Bahkan jika biaya lebih tinggi, terdapat serangkaian keuntungan-sampingan yang bernilai, kata Pachauri. Memotong emisi gas rumah kaca akan berarti ketahanan energi lebih baik, tingkat polusi lebih rendah, perlindungan ekosistem dan berpotensi meningkatkan peluang tenaga kerja. Kesehatan manusia dan ketahanan pangan juga akan menjadi keuntungan, katanya, menambahkan bahwa penilaian terbaru menemukan bahwa dampak perubahan iklim terhadap pertanian “jauh lebih serius” daripada yang dipikirkan sebelumnya.

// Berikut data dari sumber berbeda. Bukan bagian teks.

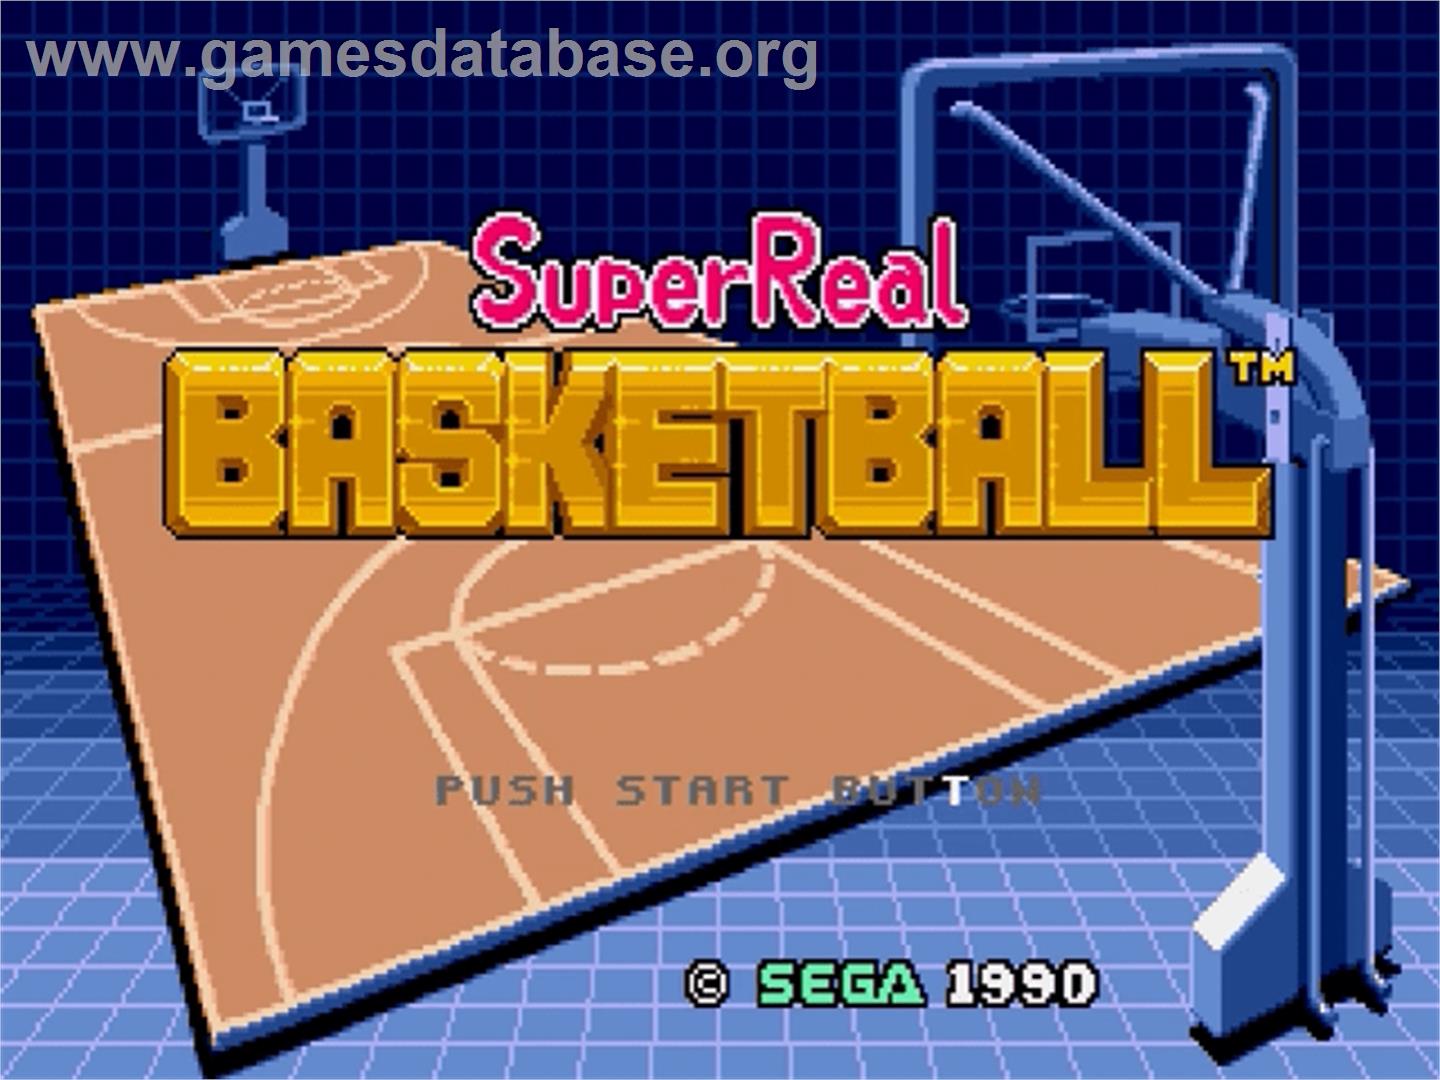 Super Real Basketball - Sega Genesis - Artwork - Title Screen

Bagian pertama dari laporan kelima IPCC dikeluarkan tahun lalu, menegaskan bahwa aktivitas manusia menjadi penyebab utama perubahan iklim sejak pertengahan abad ke-20.

Diperkirakan suhu naik antara 0,3 hingga 4,8 derajat Celcius di akhir abad 21 dalam skenario berbeda-beda.

Untuk menjamin planet bumi tidak mengalami kenaikan temperatur lebih dari dua derajat Celsius, emisi karbon total pasca-industri dari semua sumber harus dibatasi pada 1.000 miliar ton, demikian hasil temuan.

Sekitar separuh anggaran telah dihabiskan, kata Pachauri, menambahkan bahwa dunia harus  mencapai emisi negatif di akhir abad agar tetap berada dalam batas rentang dua derajat Celsius.